Update: 2015-12-11 3:00PM PST
I received feedback from Neal Fultz suggesting the use of the native Environment object. Here is the code and result I got:
test_lookup_env <- list2env(test_lookup_list)
# Environment timing
environment_timings <- sapply(lookup_tests, function(lookups){
timing <- system.nanotime(
for(lookup in lookups){
return_value <- test_lookup_env[[lookup]]
}
)
return(timing[['elapsed']])
})
summary(environment_timings)
> summary(environment_timings)
Min. 1st Qu. Median Mean 3rd Qu. Max.
0.09322 0.09524 0.10680 0.11850 0.13760 0.17140
Indeed, it appears that Environment is faster for individual item access in this scenario. Thank you Neal Fultz for pointing this method out. I appreciate having a more thorough understanding of the object types available in R. My questions still stand: am I using data.table
correctly (I expect so but I am open to critique) and is there a way to provide row access to the rows of a data.table
using some kind of pointer magic which would provide faster individual row access.

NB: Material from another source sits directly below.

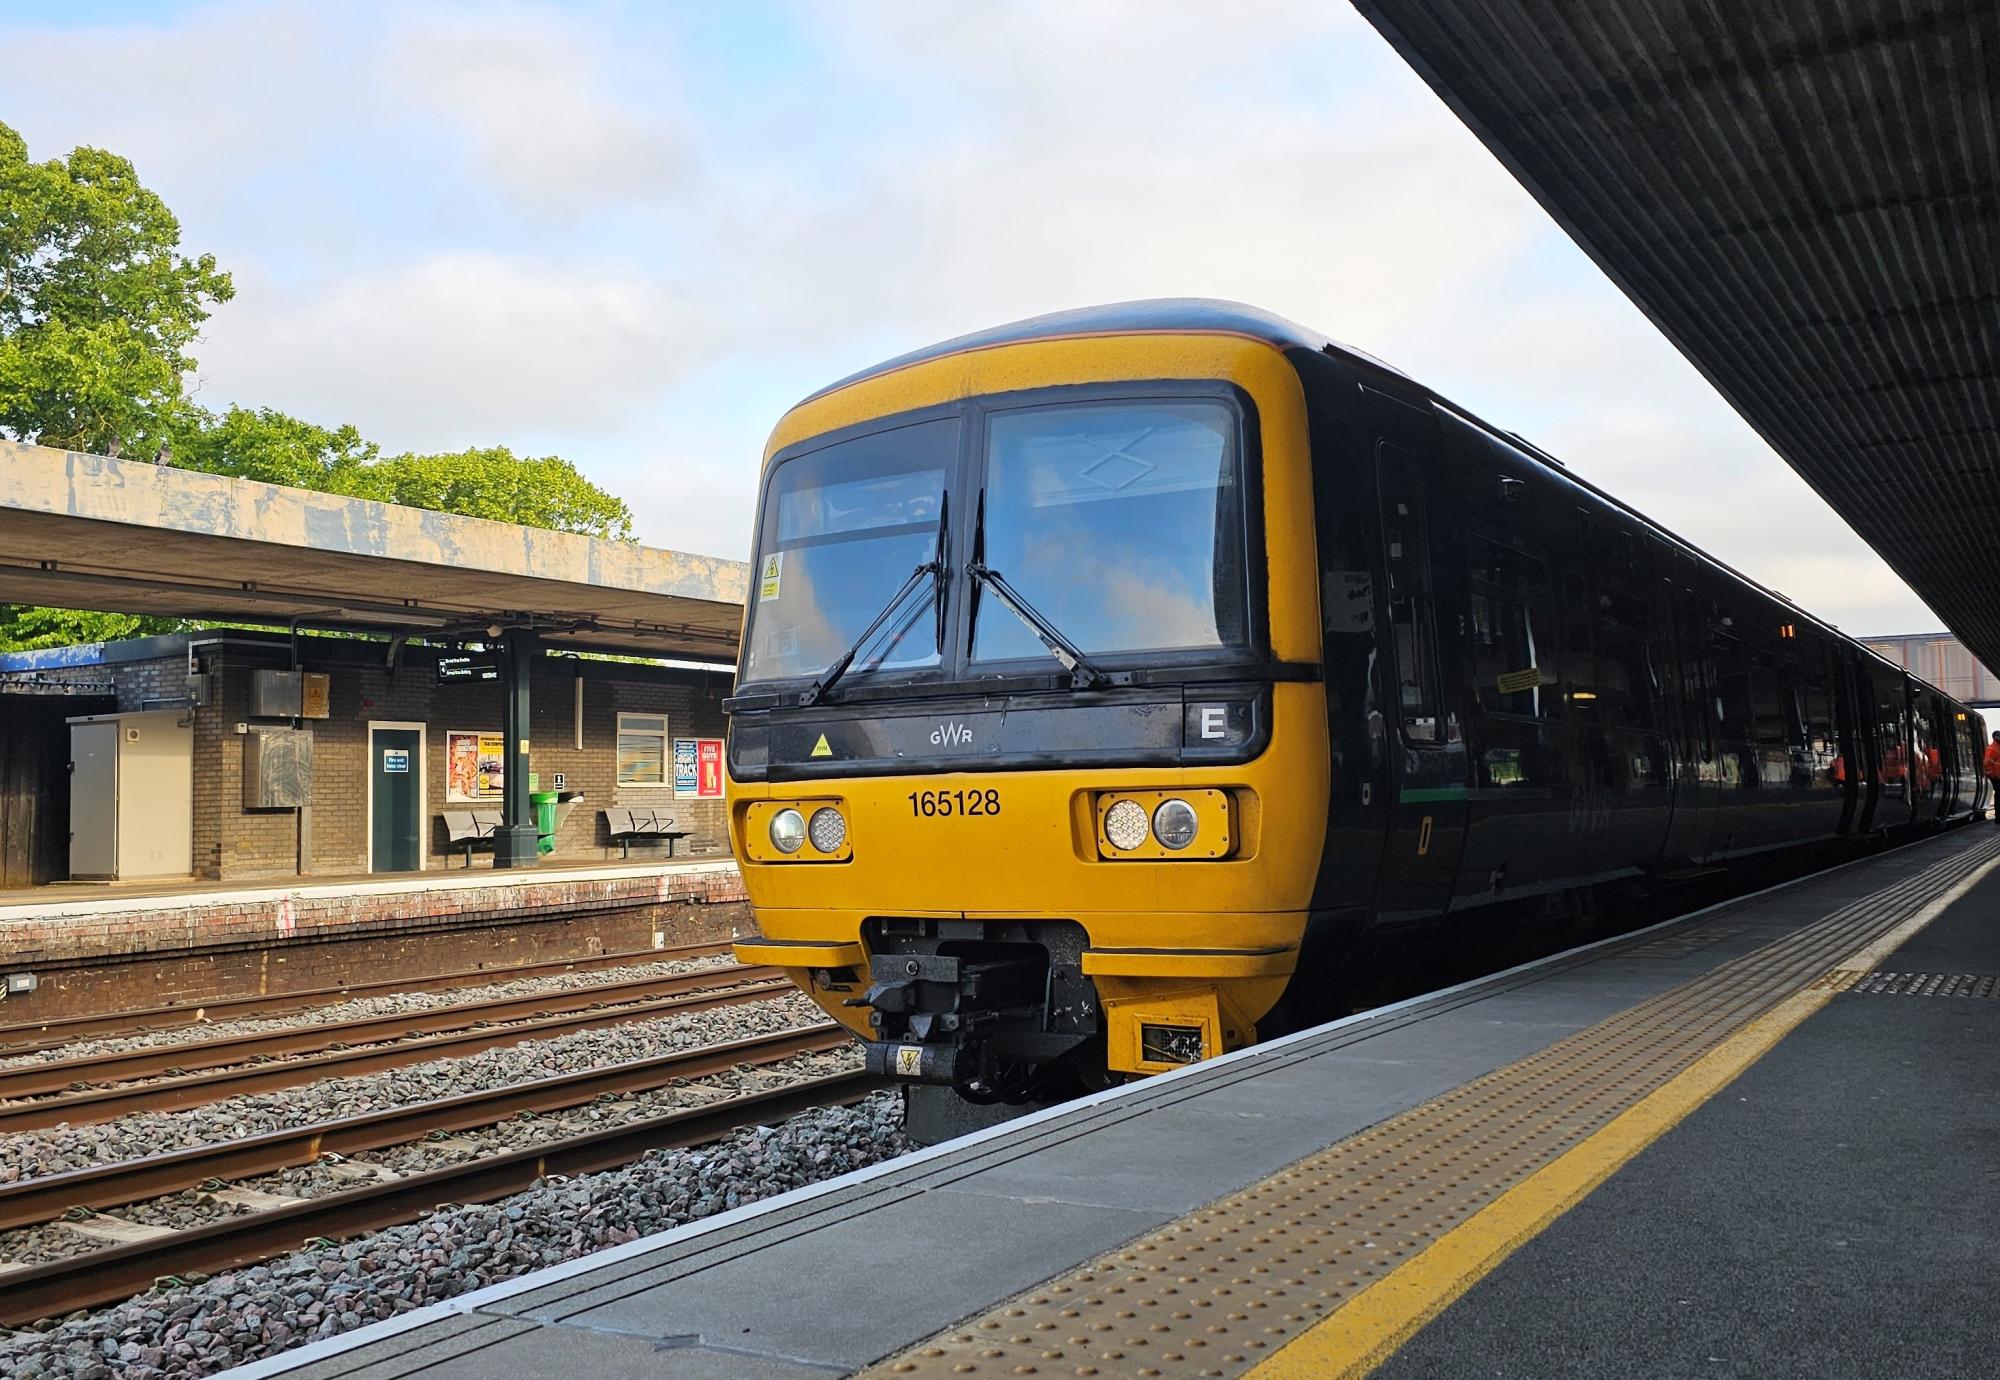 Repairs and upgrades set to take place between Coventry and Oxford

Clarification: 2015-12-11 3:52 PM PST
There have been some mentions that my access pattern in the inner-most loop of my test is inefficient. I agree. What I am trying to do is emulate as closely as possible the situation that I am dealing with. The loop that this is actually occurring in does not allow for vectorization which is why I am not using it. I realize this is not strictly the 'R' way of doing things. The data.table
in my code is providing reference information and I do not necessarily know which row I need until I am inside the loop which is why I am trying to figure out how to access an individual item as quickly as possible, preferably with the data still stored in a data.table
. This is also in part a curiosity question, can it be done?
Update 2: 2015-12-11 4:12 PM PST
I received feedback from @jangrorecki that using Sys.time()
is an ineffective means of measuring the performance of a function. I have since revised the code to use system.nanotime()
per the suggestion. The original code has been updated and the timing results.
The question still stands: is this the fastest way to do a row lookup of a data.table
and if so is it possible to create a hash of pointers to the rows for quick lookup? At this point I am most curious how far R can be pushed. As someone who came from C++, this is a fun challenge.
Conclusion
I accepted the answer provided by Neal Fultz because it discussed what I was actually wanting to know. That said, this is not the way data.table
was intended to be used so no one should interpret this to mean data.table
is slow, it is actually incredibly fast. This was a very particular use case that I was curious about. My data comes in as a data.table
and I wanted to know if I could get quick row access while leaving it as a data.table
. I also wanted to compare the data.table
access speed with a hash-table which is what is often used for fast, non-vectorized item lookup.